Hacerle creer a un puñado de inmigrantes o exiliados que son una élite de abanderados de las doctrinas iluministas que guiaron a la humanidad de la revolución francesa a acá, no se diferencia mucho de la idea de raza superior que los fascistas lograron inocular en el espíritu del culto pueblo alemán. Tal falacia les dio carta blanca para cometer los crímenes que bien conocemos. Lo que ahora mismo hacen en Gaza e Irán, que antes hicieron en Libia, Irak, Panamá, Somalia y muchas otras naciones de una amplísima lista, no se diferencia mucho de lo que hicieron los iluminados hijos del III Reich con los judíos y los pueblos no arios. Algo así nos están avisando que harán con nosotros.

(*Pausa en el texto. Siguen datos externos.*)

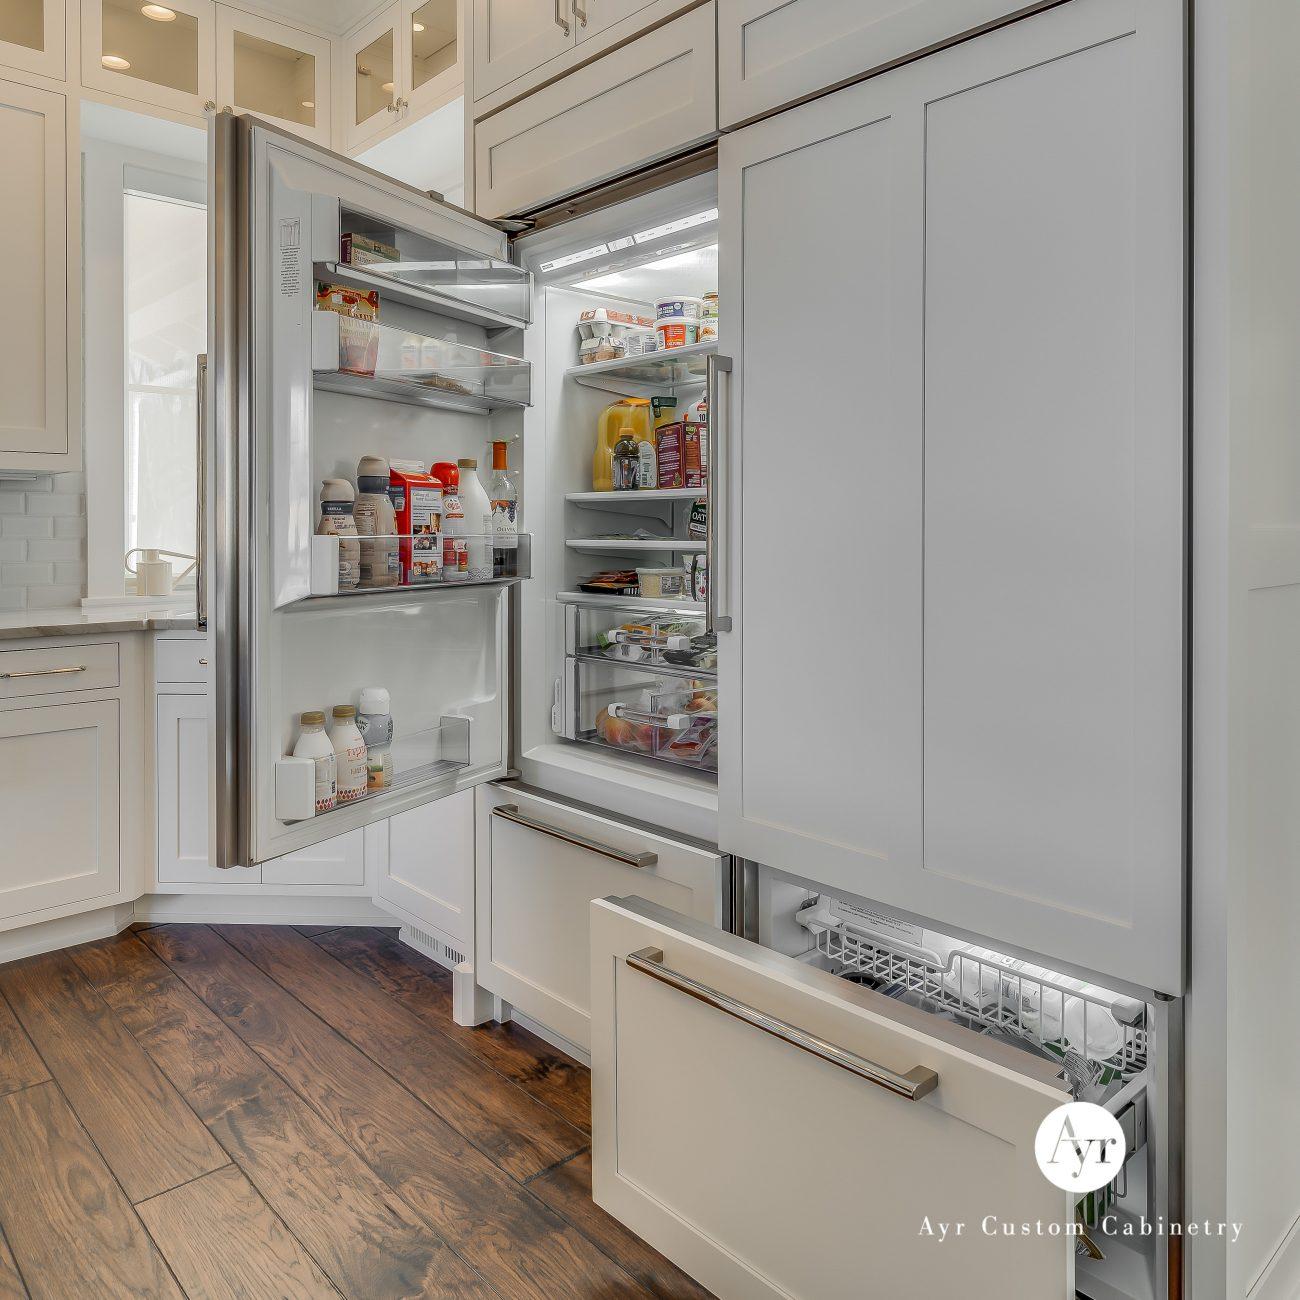 custom kitchen cabinets staley kitchen hidden fridge & freezer

Sepan los que un día fueron nuestros amigos y hermanos –los de sangre y los de espíritu– que quienes decidimos quedarnos a vivir en Cuba con el objetivo de hacer del nuestro un país donde se concreten los más altos ideales humanos, no amenazamos a nadie; que solo deseamos la paz para construir, con el gobierno que decida el pueblo, la prosperidad que merecemos. No sigan celebrando nuestra destrucción, no nos presenten como culpables, recuperen el abrazo perdido en los sucios laberintos de la manipulación, acudan a la lógica, a la presunción de inocencia, piensen con serenidad y verdadera valentía. No somos culpables de nada, somos víctimas, y esa certeza es la que nos trasfunde fuerza y coraje para defender los sueños de un mundo y un país mejores, que siguen siendo posibles.